Partition Key Selection Process

•Document your access patterns — List every query your application will perform. Include reads, writes, and updates with expected frequencies.
•Identify the primary entity — What is the natural 'owner' of the data? Users own orders. Devices own sensor readings. Tenants own resources.
•Evaluate candidate keys for cardinality — Estimate the number of distinct values. Aim for at least 1000× your expected partition count.
•Analyze traffic distribution — Will all candidate key values receive similar traffic? Model your top 1% of keys—do they receive disproportionate load?
•Determine if sort key is needed — Do you need range queries, time ordering, or hierarchical data within partitions?
•Consider composite keys — Combine attributes if a single attribute doesn't meet cardinality or distribution requirements.
•Plan for hot key handling — If unavoidable hot keys exist (trending items, global counters), design write sharding from the start.
•Validate with realistic load testing — Before production, simulate production access patterns and verify even partition utilization.
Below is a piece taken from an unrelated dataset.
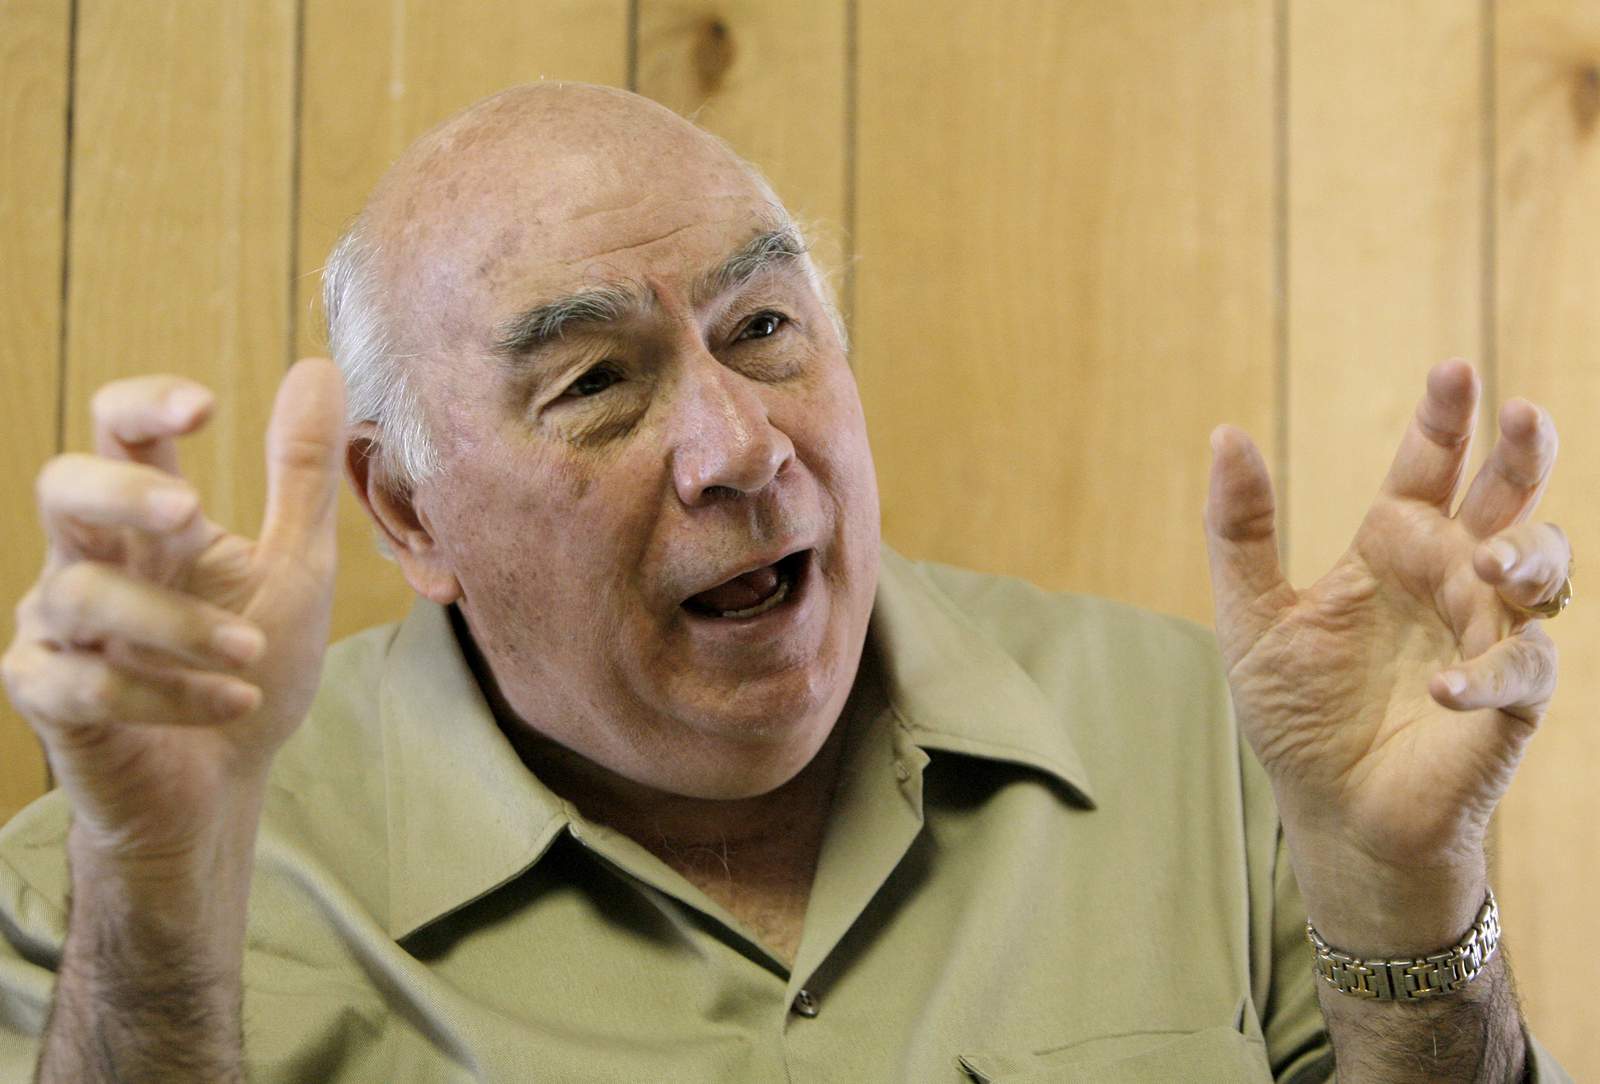 Coal magnate Robert Murray dead at 80, days after retiring

Partition Key Selection by Use Case
Use Case	Recommended Partition Key	Sort Key	Reasoning
User Profiles	userId	None (or PROFILE)	One profile per user, high cardinality
User's Orders	userId	orderDate#orderId	Query orders by user, sort by time
IoT Sensor Data	sensorId	timestamp	Each sensor writes independently
Game Leaderboard	leaderboardId#shard-N	score	Write sharding for hot leaderboards
Multi-tenant SaaS	tenantId#entityType#entityId	None or timestamp	Prevent large tenant hot spots
Session Storage	sessionId	None	Random IDs distribute perfectly
Product Catalog	productId	None or category#name	Products accessed independently
Chat Messages	conversationId	timestamp	Messages grouped by conversation

Summary: Partition Key Design Mastery

Partition key design is the foundation of DynamoDB success. Let's consolidate the essential principles:

Key Takeaways

•Partition keys determine distribution — Items with the same partition key are stored together on the same partition with hard throughput limits (1,000 WCU, 3,000 RCU per partition).
•High cardinality is essential — More distinct partition key values enable more partitions, better distribution, and higher total throughput.
•Uniform traffic matters as much as data — Even distribution of data isn't enough; traffic must also be evenly distributed across partition key values.
•Avoid date, status, and enum keys — Low-cardinality values create hot partitions that throttle regardless of provisioned capacity.
•Composite keys enable rich queries — Sort keys allow range queries, time ordering, and single-table designs with multiple entity types.
•Write sharding scales hot keys — For unavoidable hot keys, distribute writes across multiple sharded partition key values and aggregate on read.
•Adaptive Capacity helps but doesn't fix — DynamoDB's automatic throughput rebalancing is a safety net, not a substitute for good design.

What's Next

With partition keys mastered, we turn to Global Secondary Indexes (GSIs)—the mechanism that enables querying DynamoDB by attributes other than the primary key. GSIs unlock access patterns that the base table cannot support, but they come with their own design considerations, cost implications, and partition key challenges. Understanding GSIs is essential for building flexible, query-rich DynamoDB applications.

Page Complete

You now understand partition key design—the most critical factor in DynamoDB success. You can identify good and bad partition key candidates, use composite keys for rich querying, implement write sharding for hot keys, and apply a systematic framework for key selection. This knowledge prevents the throttling disasters that plague poorly designed DynamoDB tables.